Version
- vertx 3.9.7
- kotlin 1.5.0 (tested also on 1.4.32)
- open-jdk-14
Context
I observed a resource leak in JDBCClient, namely in the vertx-lang-kotlin:3.9.7
function
suspend fun SQLClient.getConnectionAwait(): SQLConnection
The problem is if coroutine calling getConnectionAwait()
is cancelled before the handler on the following method is called:
SQLClient getConnection(Handler<AsyncResult<SQLConnection>> handler);
If such situation happens (e.g., calling REST connection is terminated / timed out), the obtained connection, passed to the handler, is not closed and returned to the pool. This causes leakage, depleting all free connections (if using with connection pool like C3P0). The program ends up in the terminal state without usable DB connection.

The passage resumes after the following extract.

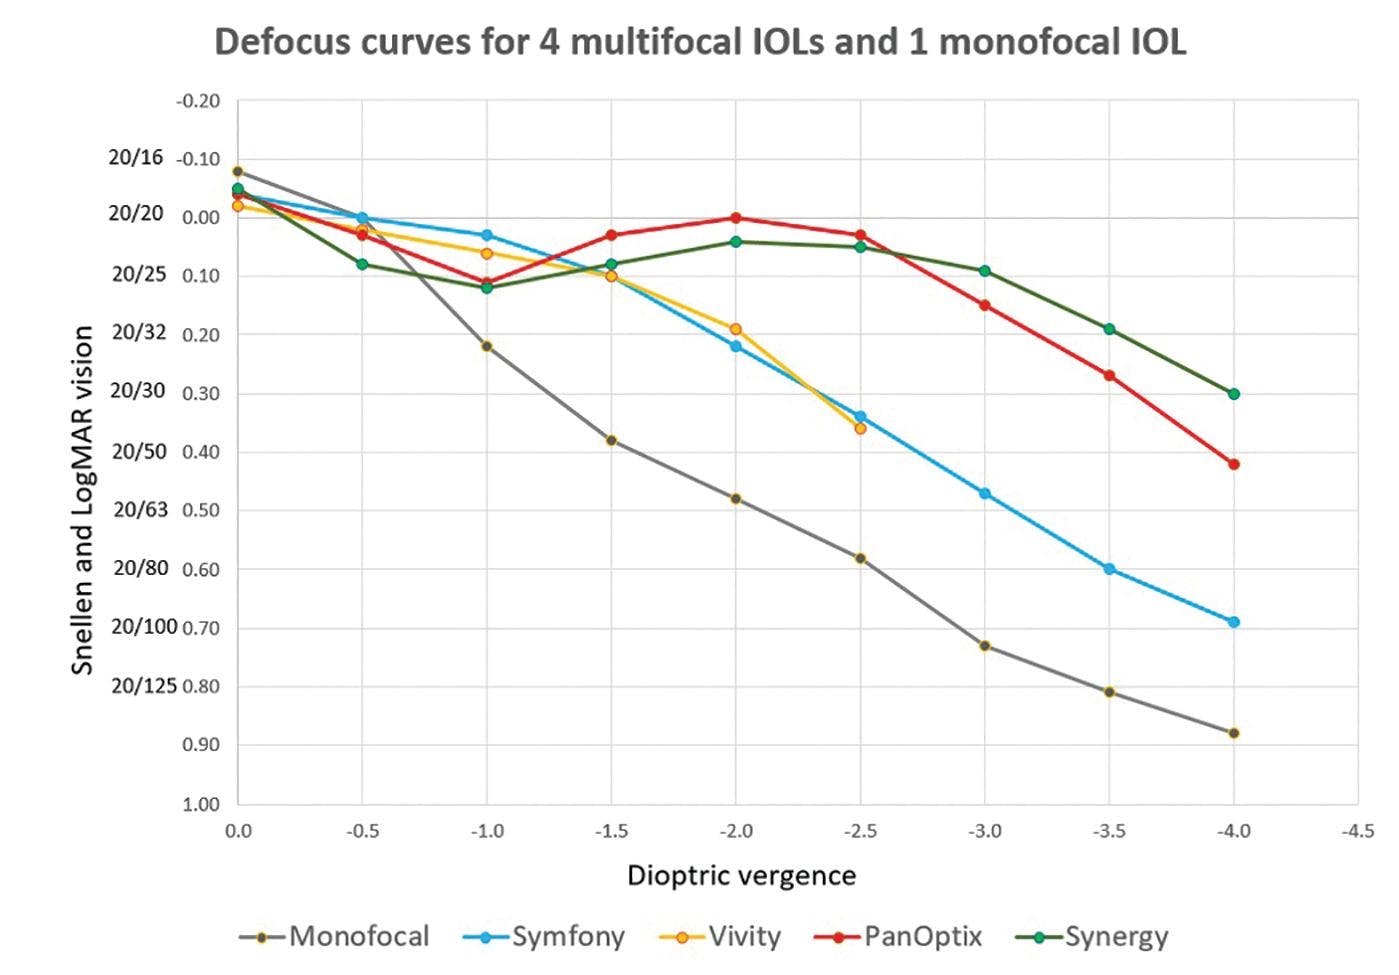 Figure 2: A defocus curve shows at a glance what the average patient should be able to see over a range of distances. Defocus curves are created by distance correcting the patient, then presenting a series of lenses in front of their eye and measuring the degree of defocus that is induced. Here are sample defocus curves for 4 multifocal IOLs (Symfony, Vivity, PanOptix, and Synergy) that are superimposed, although defocus curves often vary between studies.28-29 Bear in mind that superior defocus curves (ie, less defocus with near targets) are often accompanied by an increase in other optical issues..
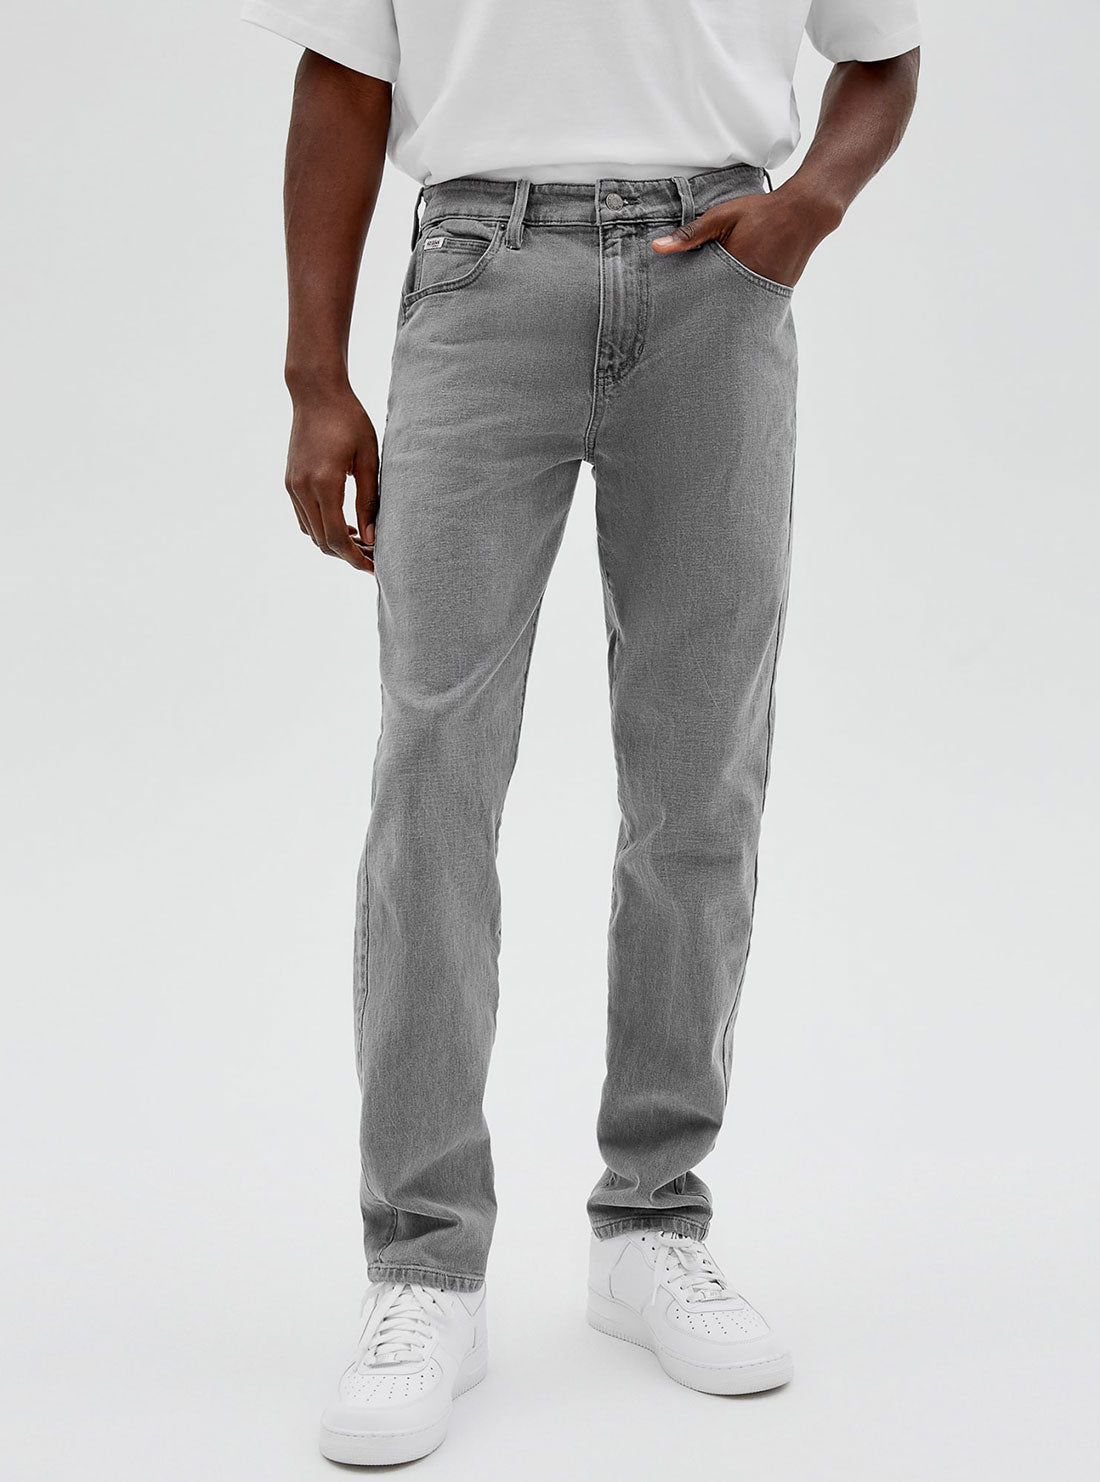 GUESS Mens Guess Originals Slim Straight Leg Jeans in Grey Pearl Wash M2GG33D4DA5 Front View

I believe that the problem lies in the https://github.com/vert-x3/vertx-lang-kotlin/blob/d991b1683c05c6d5081ee2f6513838c9c1dc977c/vertx-lang-kotlin-coroutines/src/main/java/io/vertx/kotlin/coroutines/VertxCoroutine.kt#L63
suspend fun <T> awaitEvent(block: (h: Handler<T>) -> Unit): T {
return suspendCancellableCoroutine { cont: CancellableContinuation<T> ->
try {
block.invoke(Handler { t ->
cont.resume(t) // <---- here, if cont is cancelled, t remains opened
})
} catch (e: Exception) {
cont.resumeWithException(e)
}
}
}
I solved the problem by implementing the coroutine bridging on my own with a if-branch handling cancelled coroutine, such as
try {
block.invoke(Handler { t ->
if (cont.isActive)
cont.resume(t)
} else {
t.close() // <--- close connection if coroutine is already cancelled when handler is invoked
}
})
} catch (e: Exception) {
cont.resumeWithException(e)
}
I noticed that this method is deprecated https://github.com/vert-x3/vertx-jdbc-client/issues/196 https://github.com/vert-x3/vertx-lang-kotlin/blob/c1938f890b711734d3e191d274422d3f3098726a/vertx-lang-kotlin/src/main/kotlin/io/vertx/kotlin/ext/sql/SQLClient.kt#L64-L65 but this may help others having the same issues if they didn't migrate yet.
Also, vertx 3 API is planned to be supported also in vertx 4 so this race condition can potentially affect a lot of users, making their servers unresponsive. Btw was it deprecated also because of this potential issue?
The similar issues can be present also elsewhere in the same pattern, i.e., call await method (coroutine), wait for handler, when handler is called, coroutine is already cancelled, thus resource obtained & returned in the handler is not properly closed.
Do you have a reproducer?
Not yet, I can create one if description is not enough.
Steps to reproduce
- setup MySQL JDBC-backed demo
- spawn 2000 worker threads simulating clients, each querying the database (code below), let clients timeout randomly
- watch number of failures / timeouts
val rnd = Random()
withTimeout(rnd.nextLong().rem(1000L)) {
dbClient.getConnectionAwait().use {
it.queryAwait("SELECT 1")
}
}
wontfix